> **Task item**
Starting with the line that contains "Rainbow word LOVE", copy every line through the end of the listing, exactly and only those. No pictures should appear in the copy.

> **Data section**
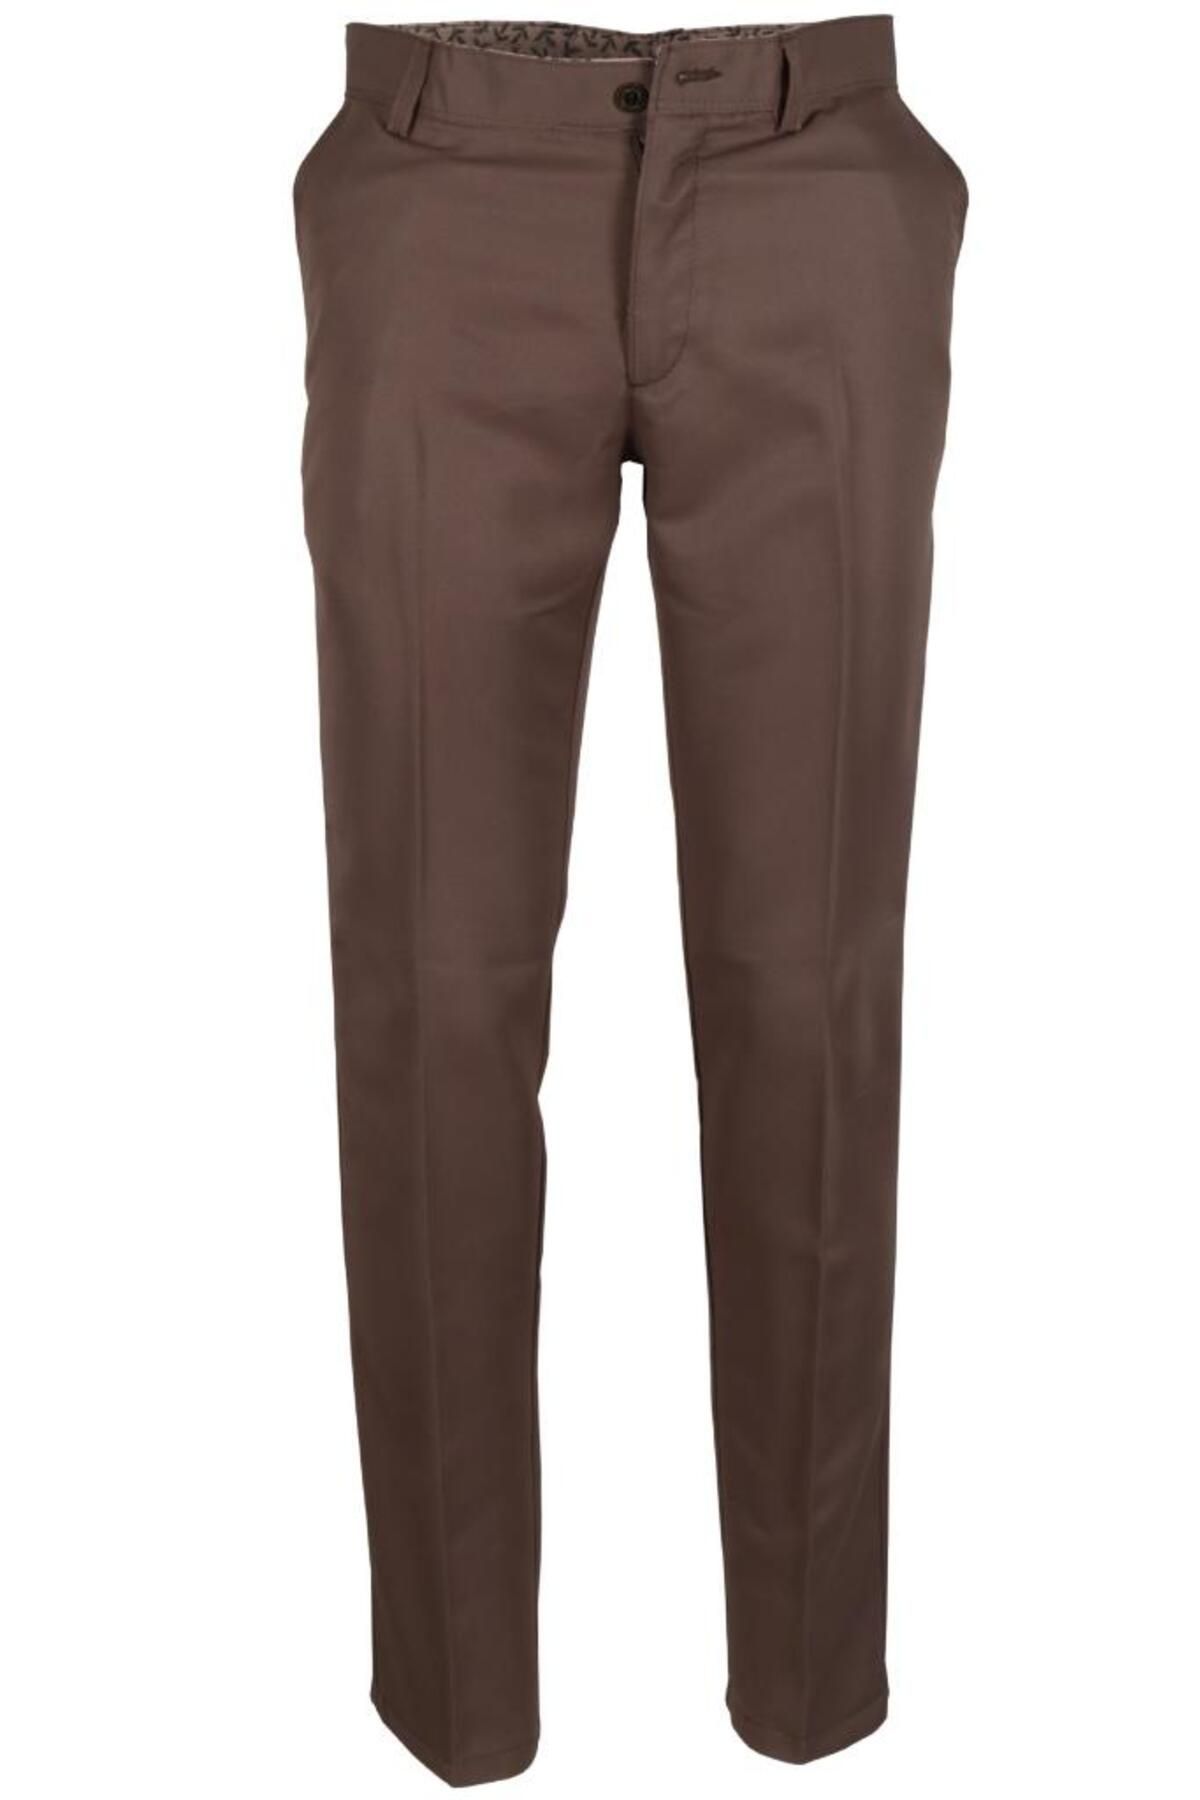 Modarar Erkek Keten Pantolon Klasik Normal Kesim RAR01155
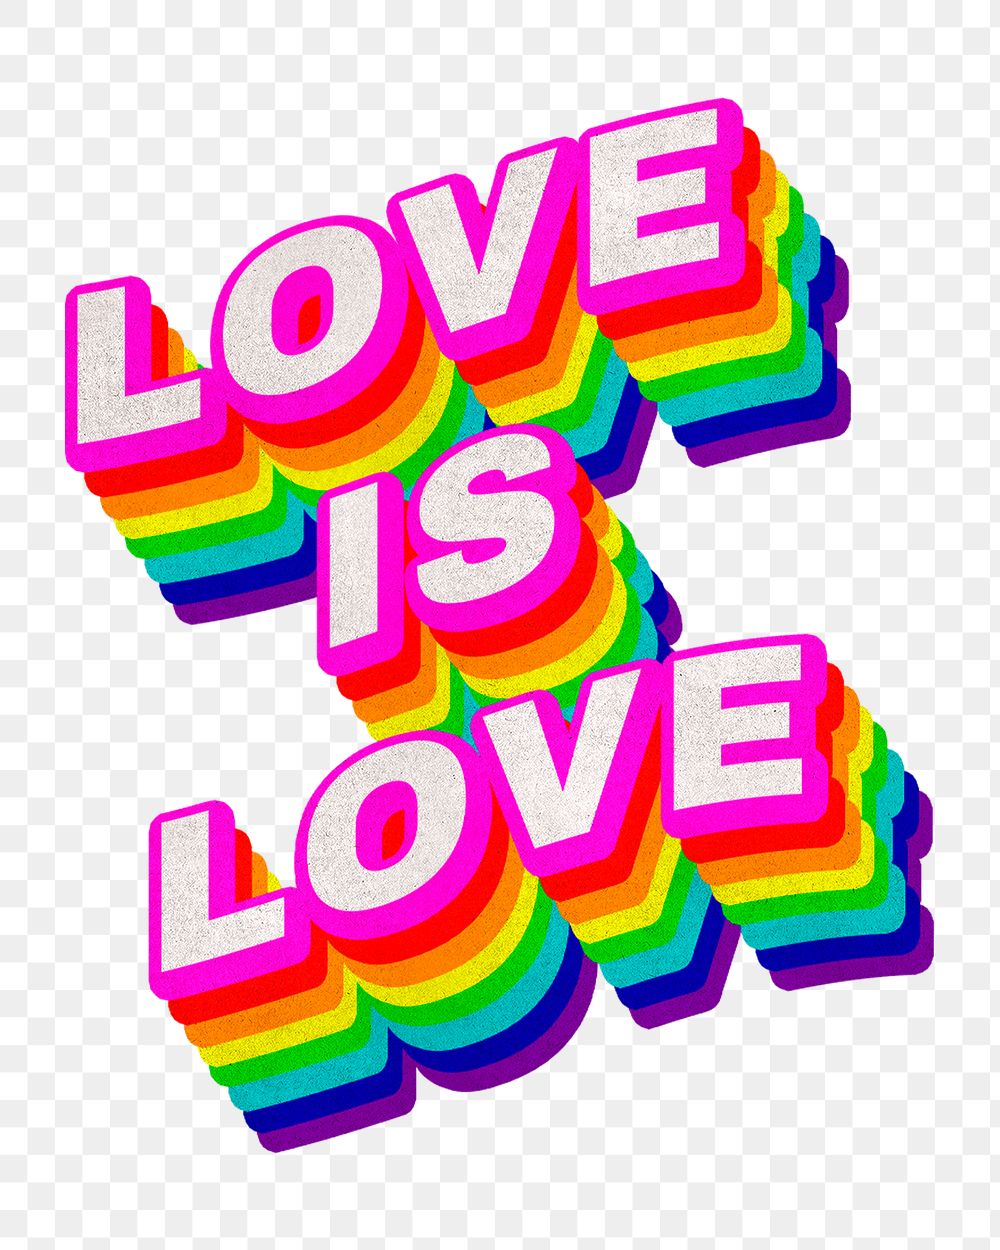 Rainbow word LOVE IS LOVE typography design element
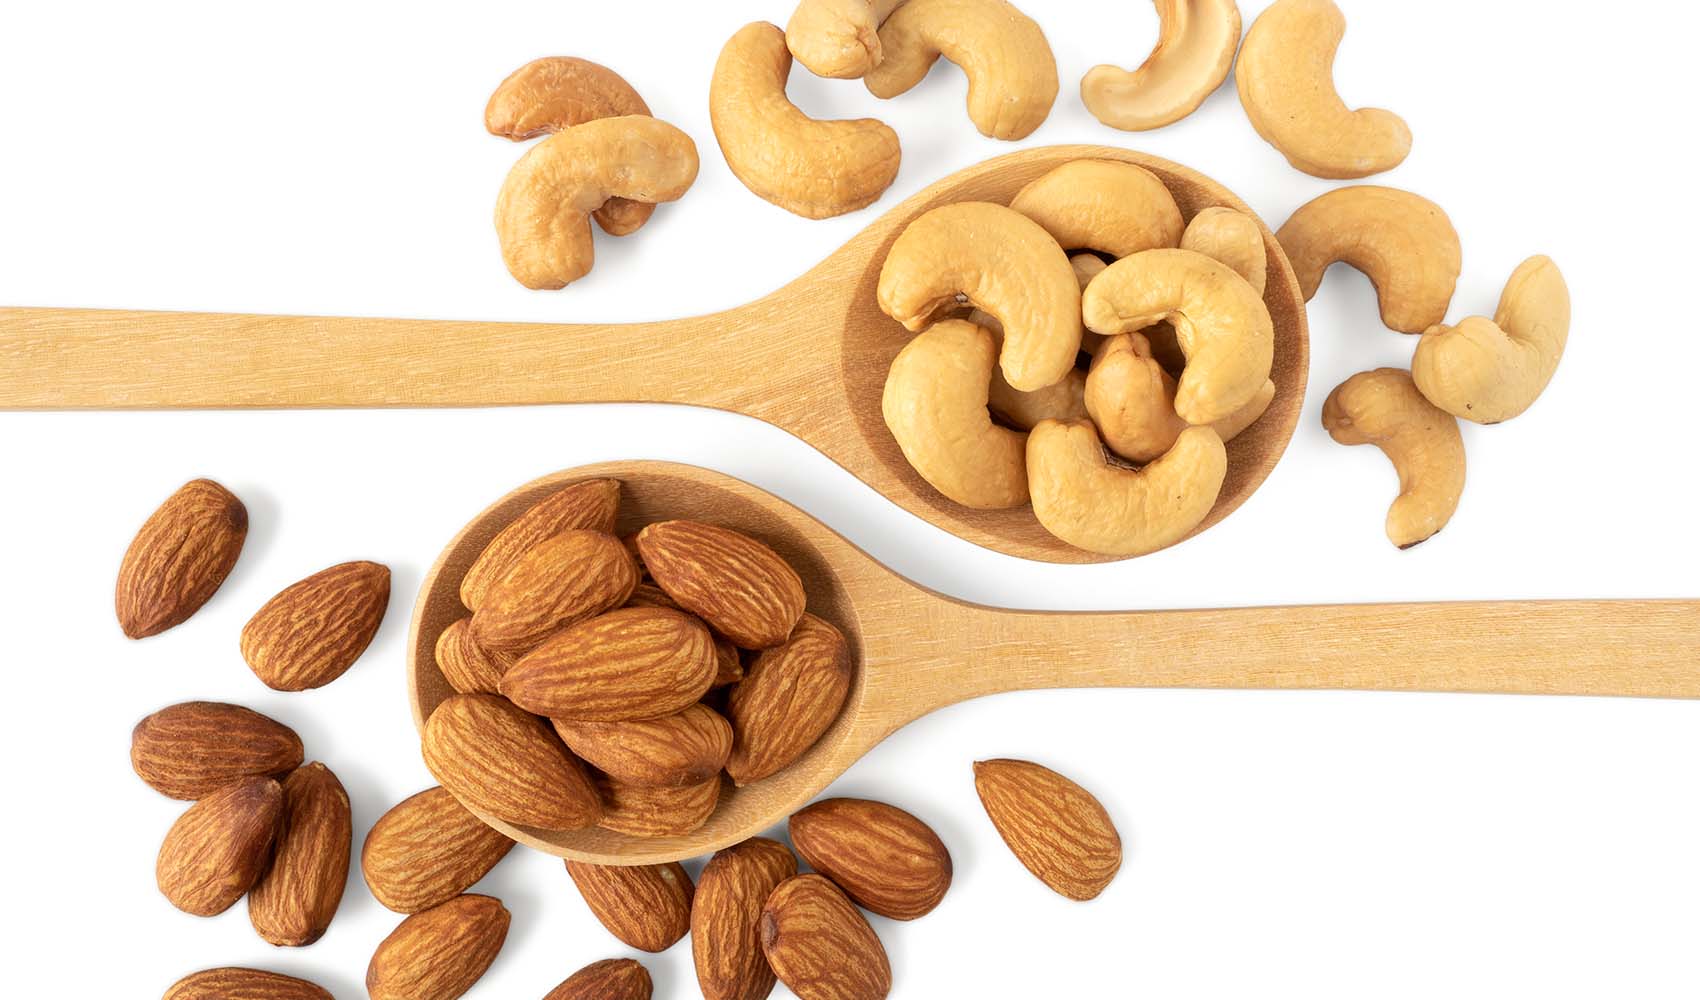 almond-vs-cashew-nutritional-comparison-1

> **Written answer**
 Rainbow word LOVE IS LOVE typography design element
 almond-vs-cashew-nutritional-comparison-1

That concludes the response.